Stored data>
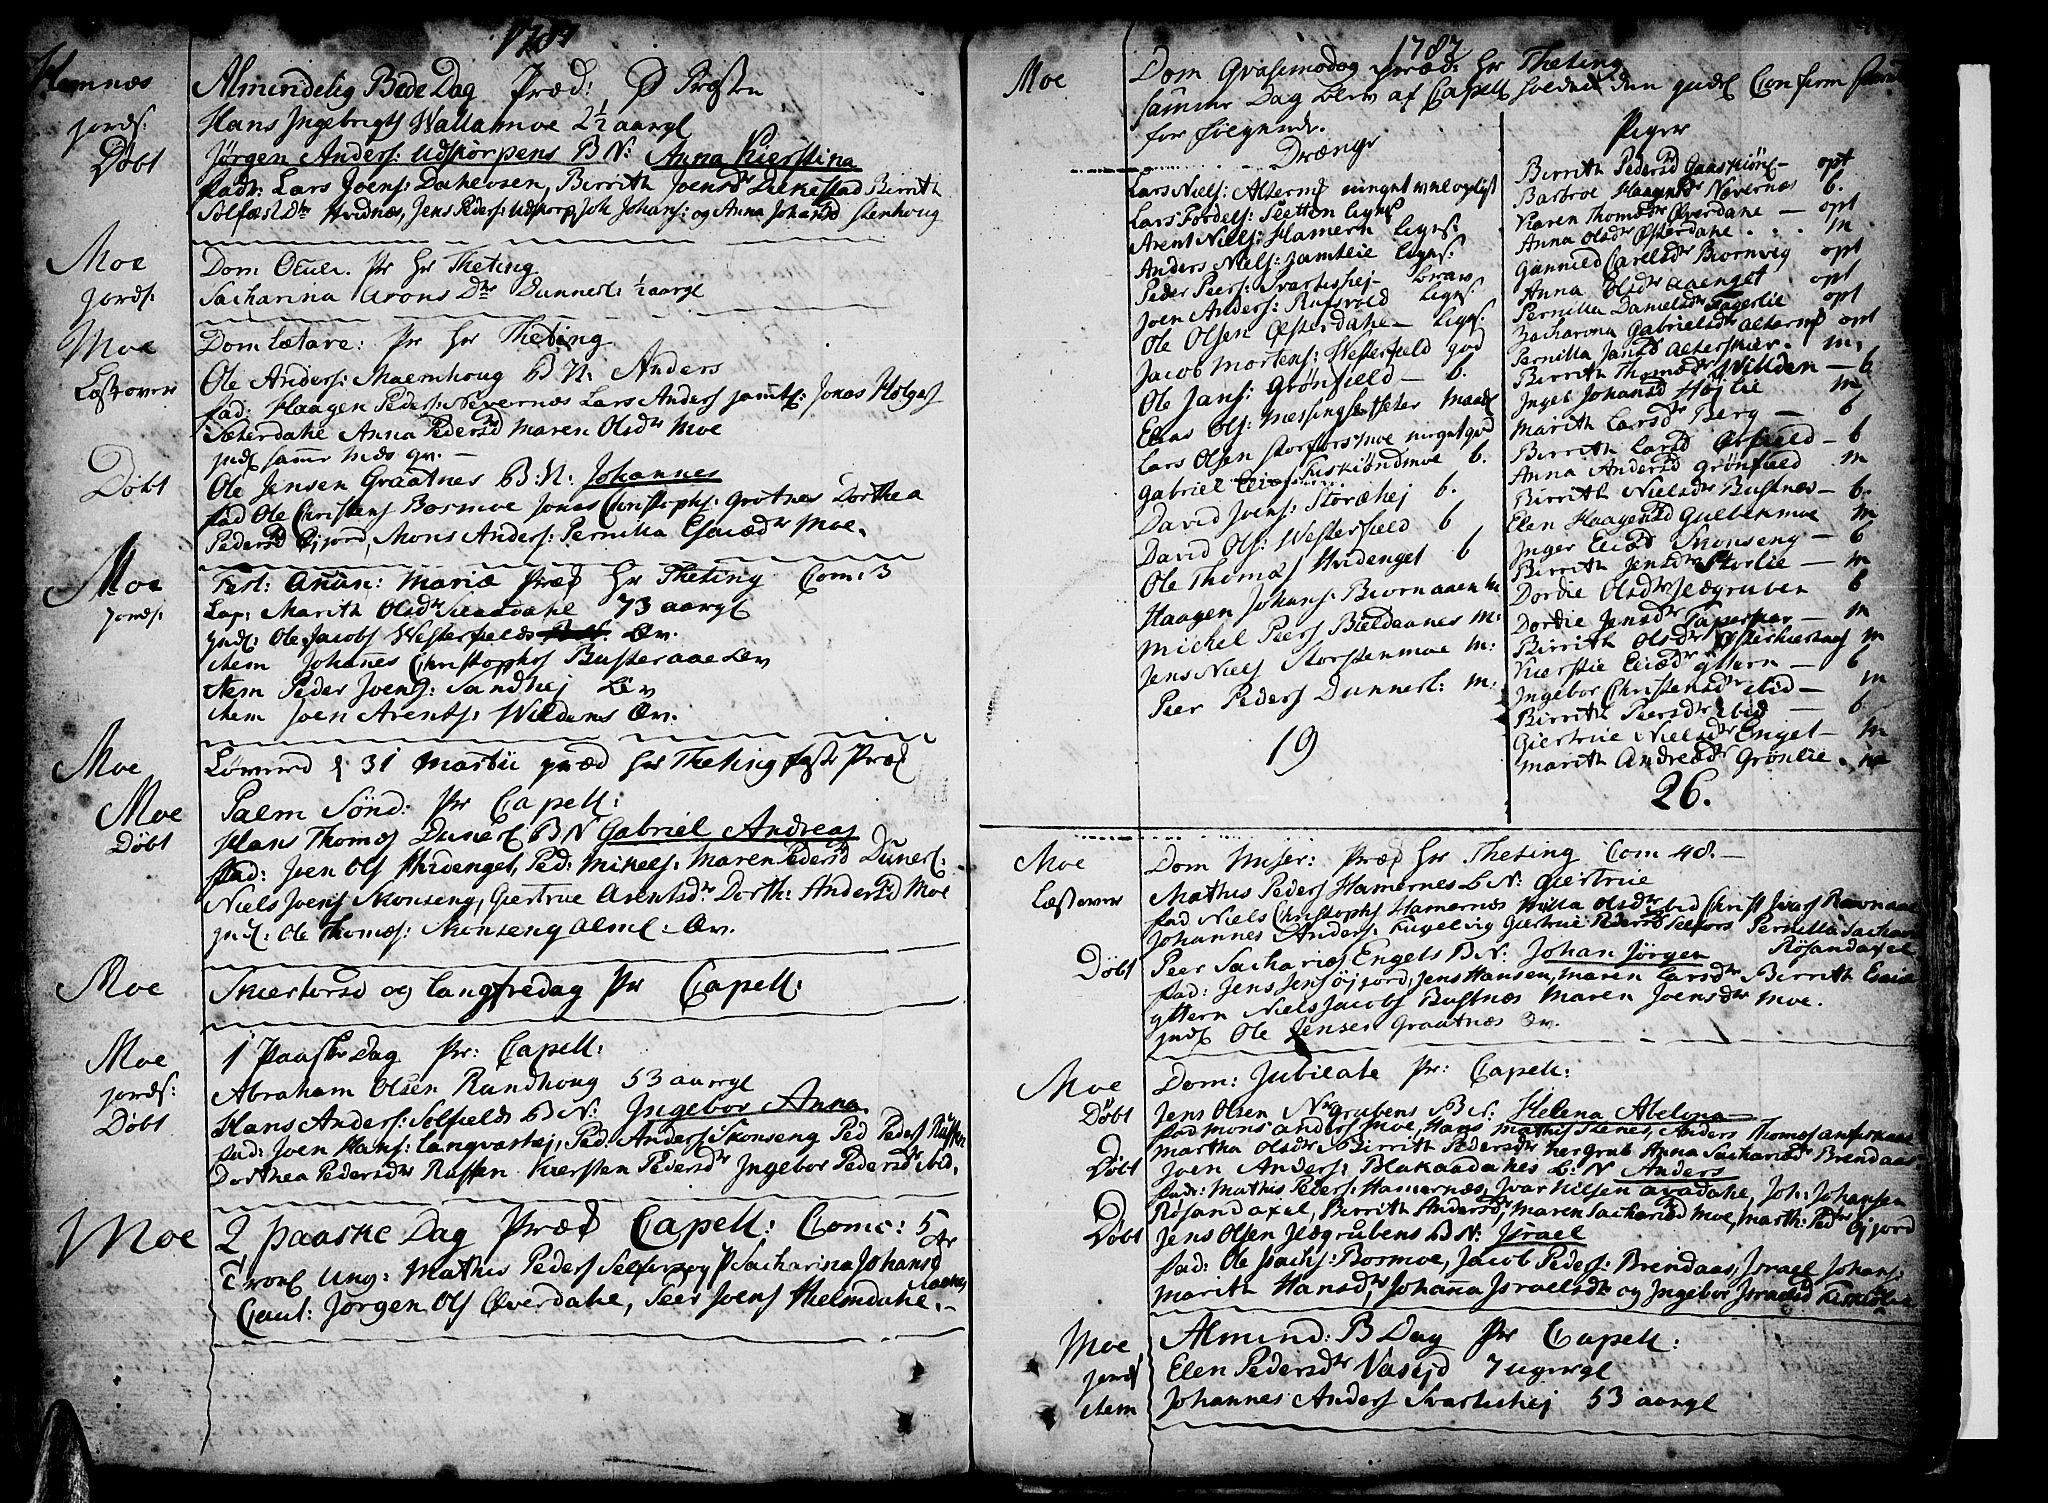 SAT, Ministerialprotokoller, klokkerbøker og fødselsregistre - Nordland, 825/L0348: Ministerialbok nr. 825A04, 1752-1788, s. 359
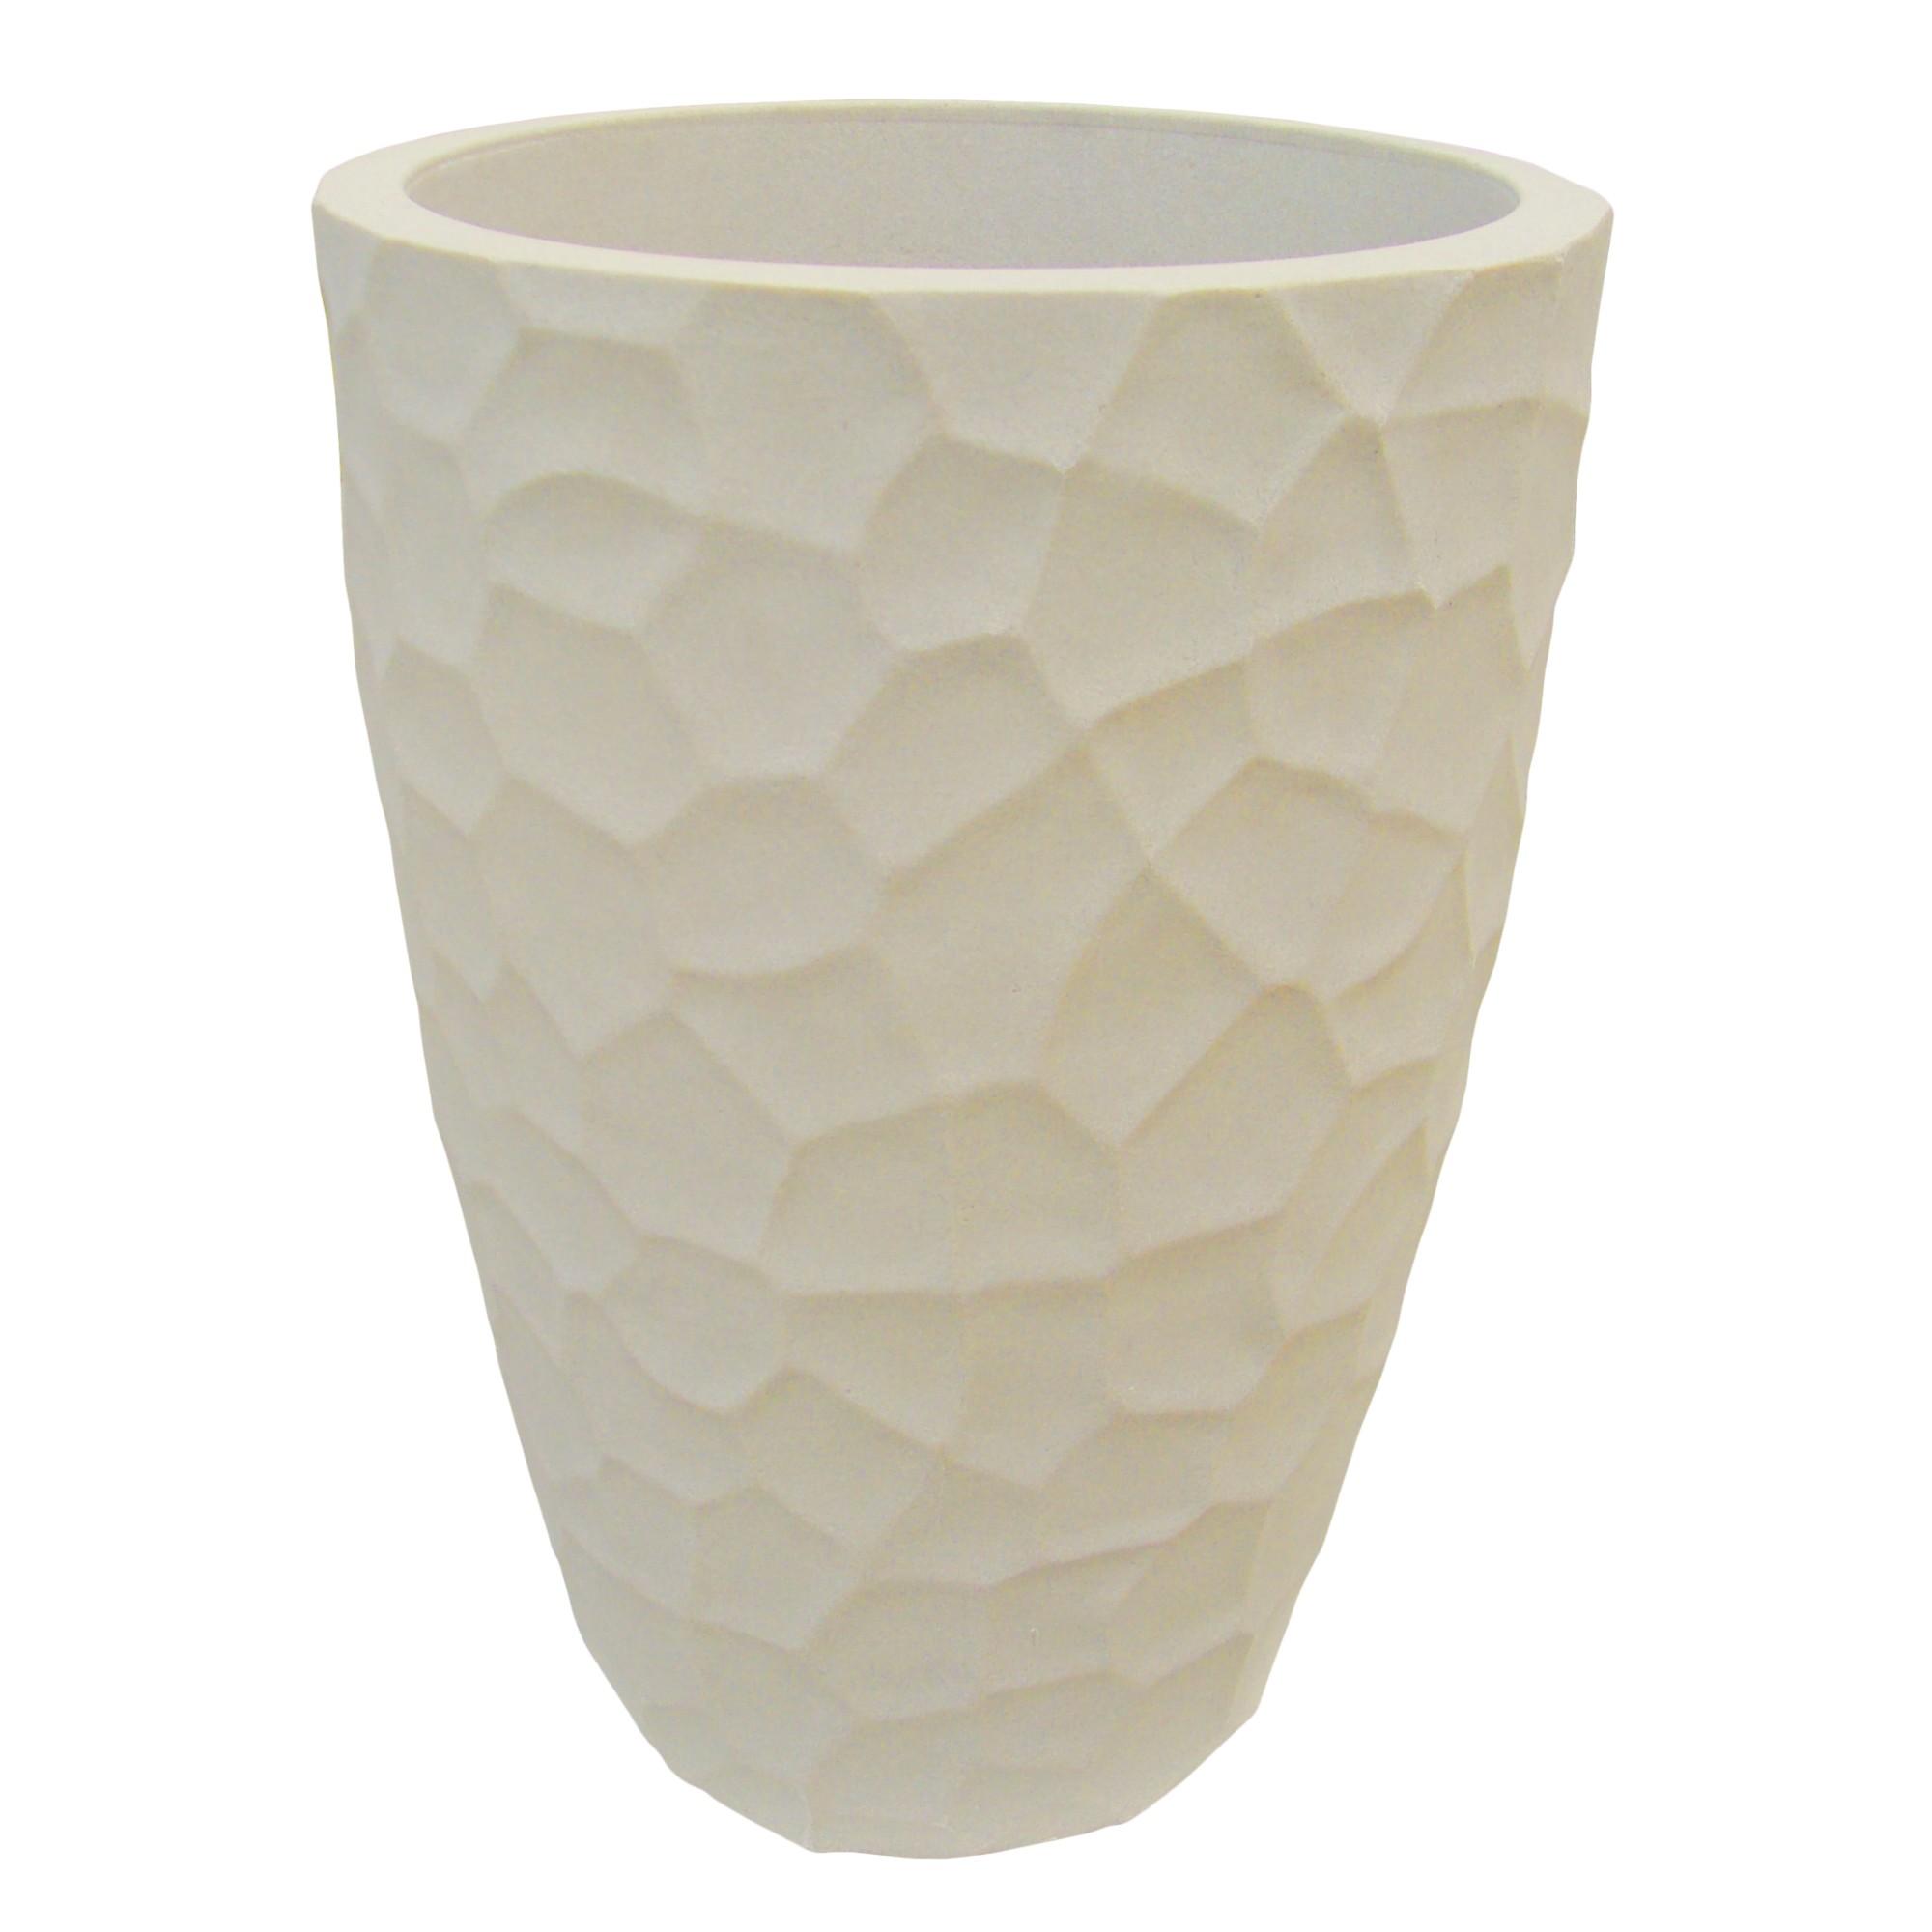 Vaso para Plantas Polietileno 59x41 cm Conico Cimento - Japi
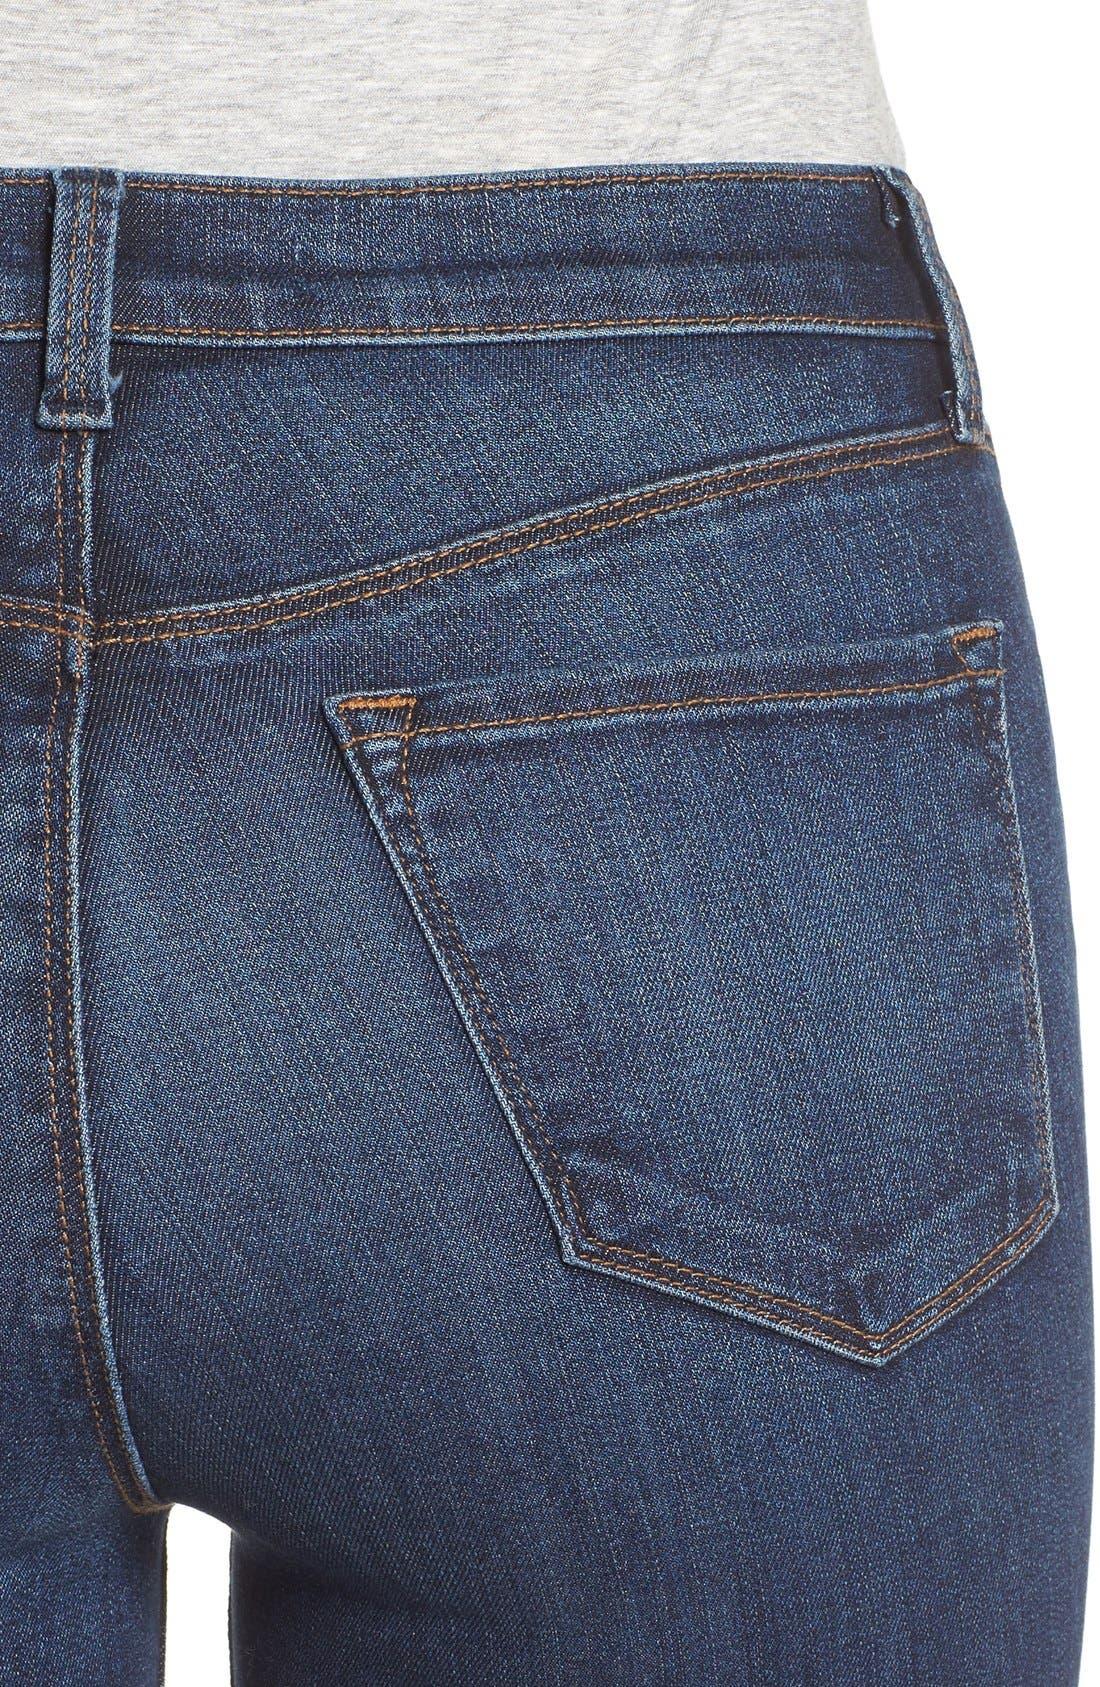 Alternate Image 4  - J Brand Maria High Waist Skinny Jeans (Fleeting)

Task description> The copy must start at the line containing "Vaso para Plantas" and end at the last line of the data, matching each line exactly. It must hold no pictures.

Solution below>
 Vaso para Plantas Polietileno 59x41 cm Conico Cimento - Japi
 Alternate Image 4  - J Brand Maria High Waist Skinny Jeans (Fleeting)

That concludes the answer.